Monthly Archives: April 2013

Head in the Oven?

Head in the Oven?

“They don’t seem to understand, I’m too far gone to try. Now these lonely memories, they’re all that I can do. And I’m down to seeds and stems again too.” –Bill Kershen

Sometimes life is difficult. Days stretch out ahead with unrelenting demands, some you care about, others not at all. Somehow you will yourself to put one foot in front of the other and keep trying. I have the urge not to.

Drained from years of striving I want to sit right down and refuse to do anything, it’s too much stupiddamnshitty work! You know other people do it-give in to consuming weariness and forget how to try. I want to fall in the floor and whimper like a four year old who’s been told they can’t have McNuggets. This is not the same valley I always crawl out of but a deep trench that has me trapped.

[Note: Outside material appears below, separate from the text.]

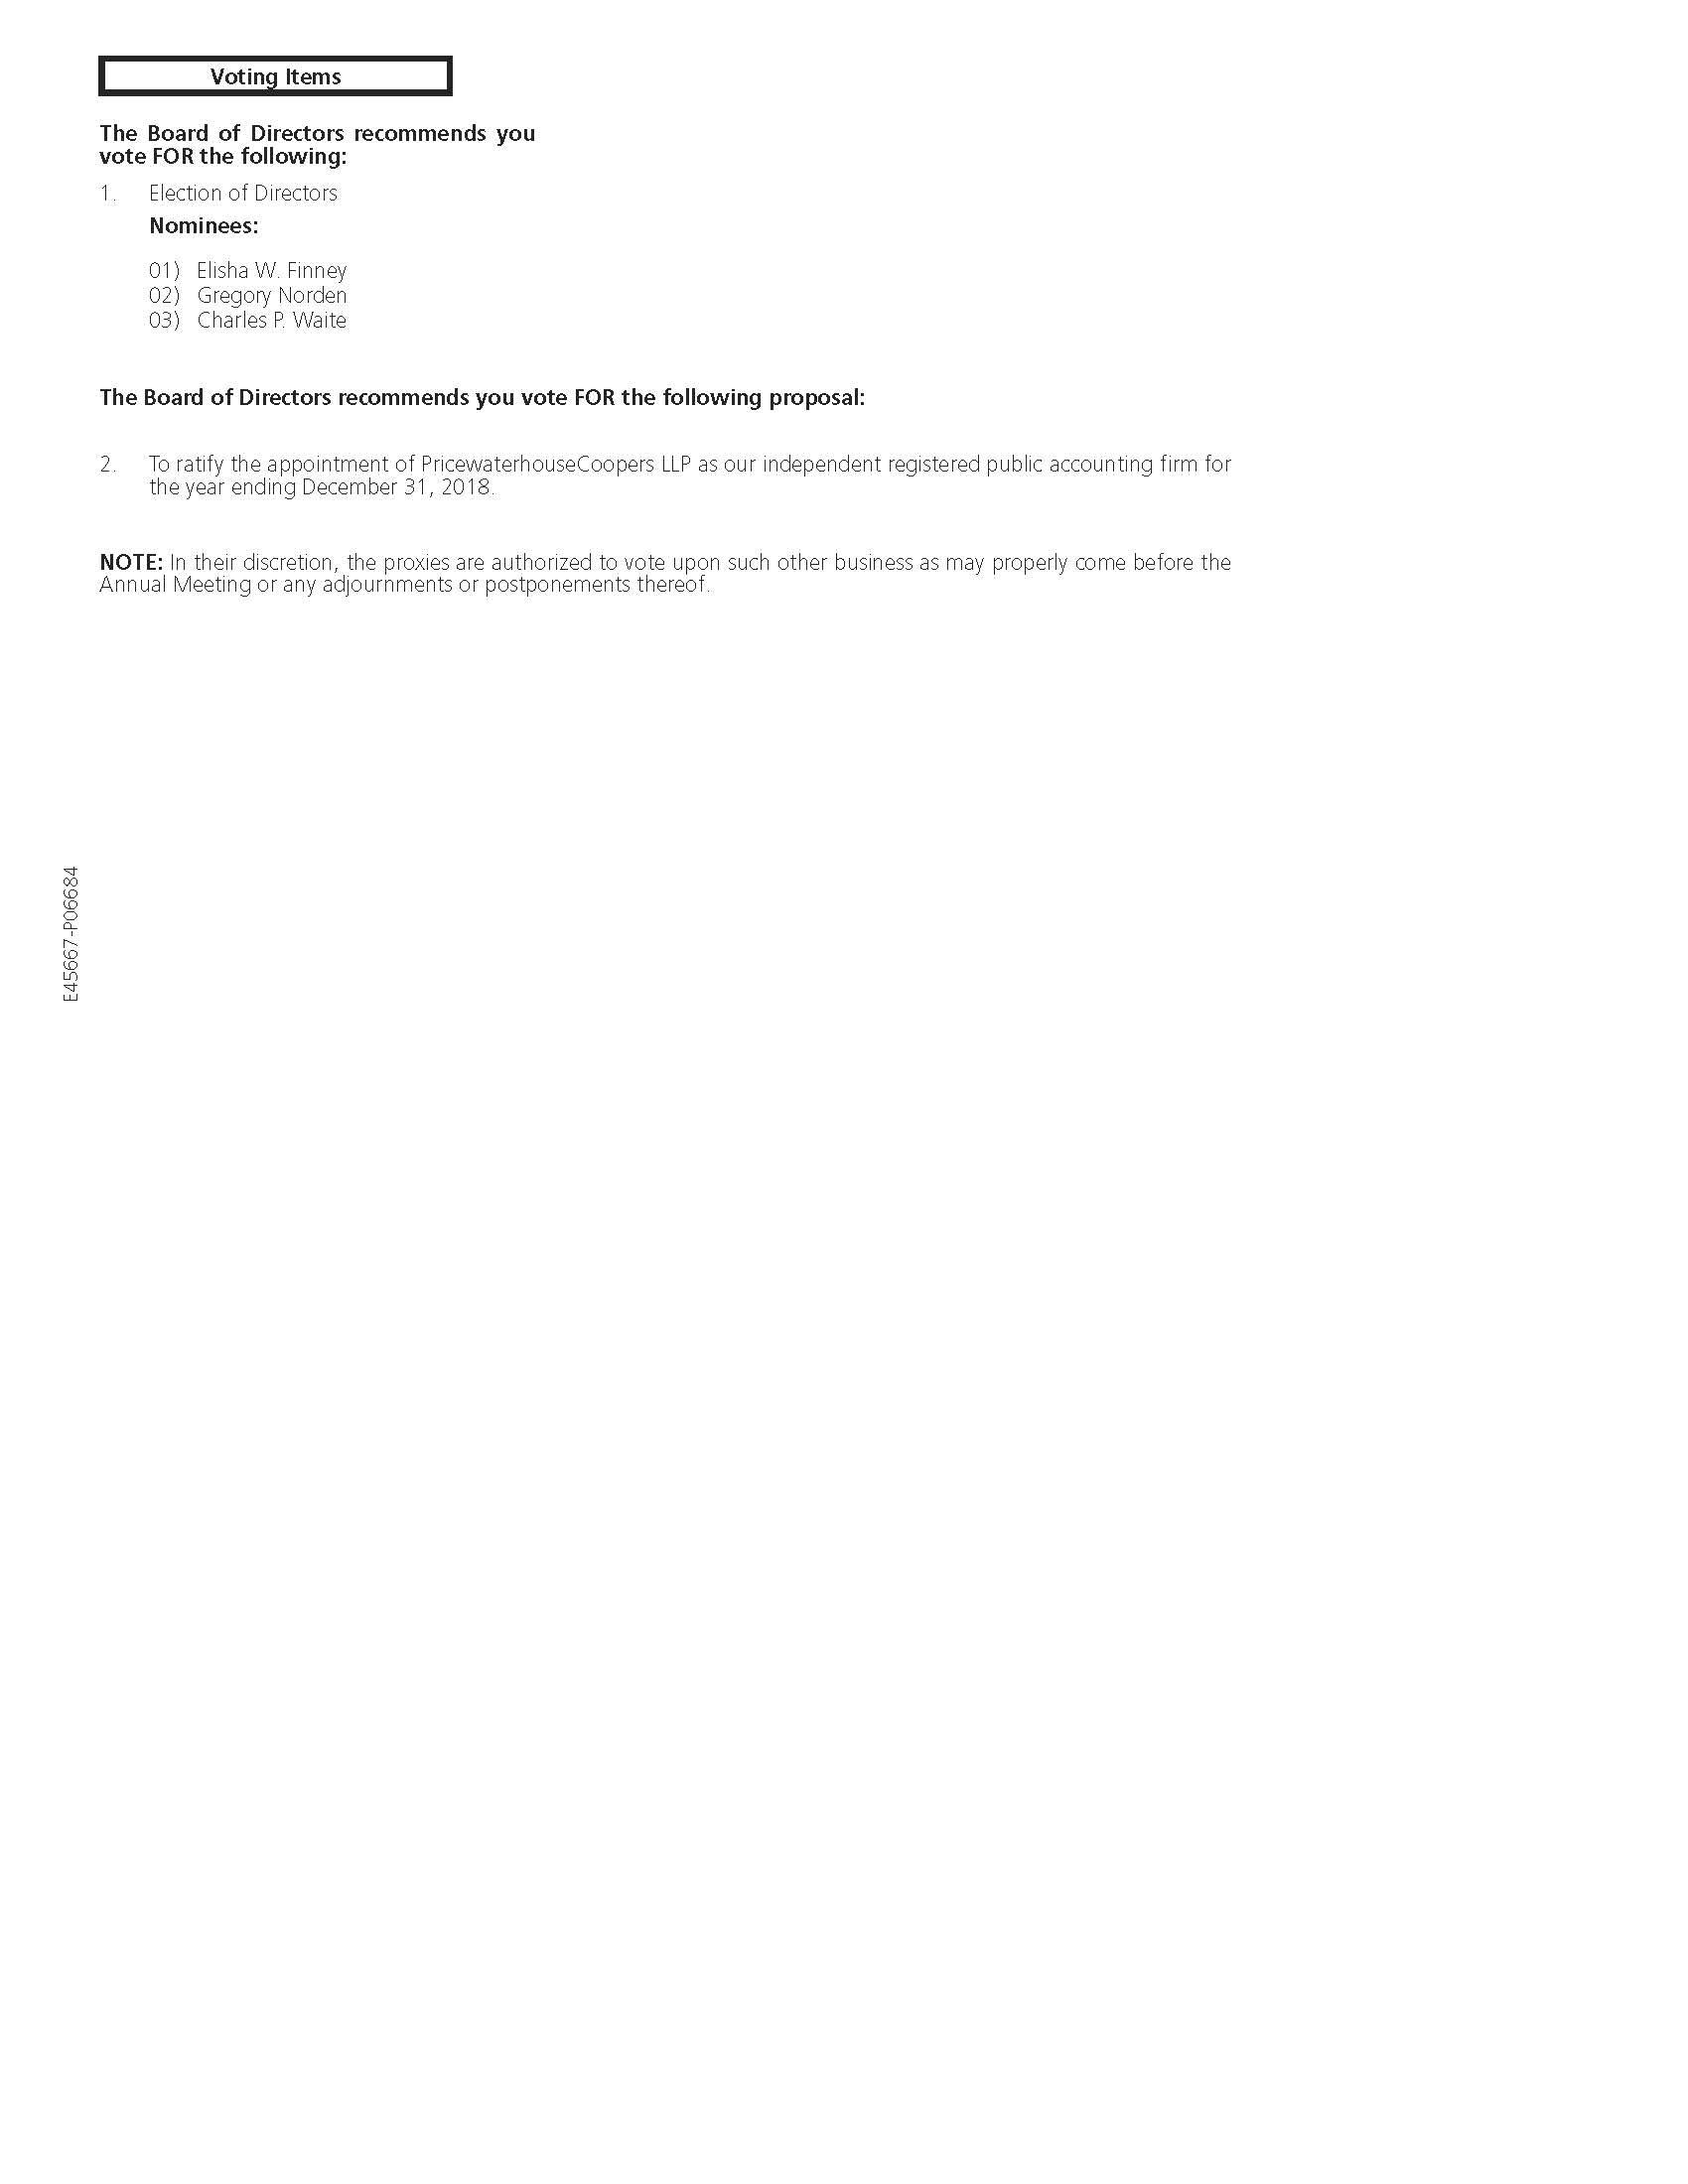 https://cdn.kscope.io/04aec73bc6c3fb1aee1874ebbb35fdc9-proxynotice3.jpg

While I’m at it I’ll stop choosing to keep myself emotionally stable. It’s my turn to go round the bend, just veg for a while, refuse to communicate, live in my own self-absorption. I’ll stop digging down to the bottom of my soul to find something worth salvaging. Get in the car and go-just anywhere! Other people go that route, why not me?

I won’t vacuum either; I loathe vacuuming. You push a heavy, deafening, incredibly awkward metal sucking machine around until you jerk your arm out of the socket and ten minutes later the floor looks just as it did before you sacrificed your rotator cuff. I’ve run out of parts to injure. Maybe things are looking up.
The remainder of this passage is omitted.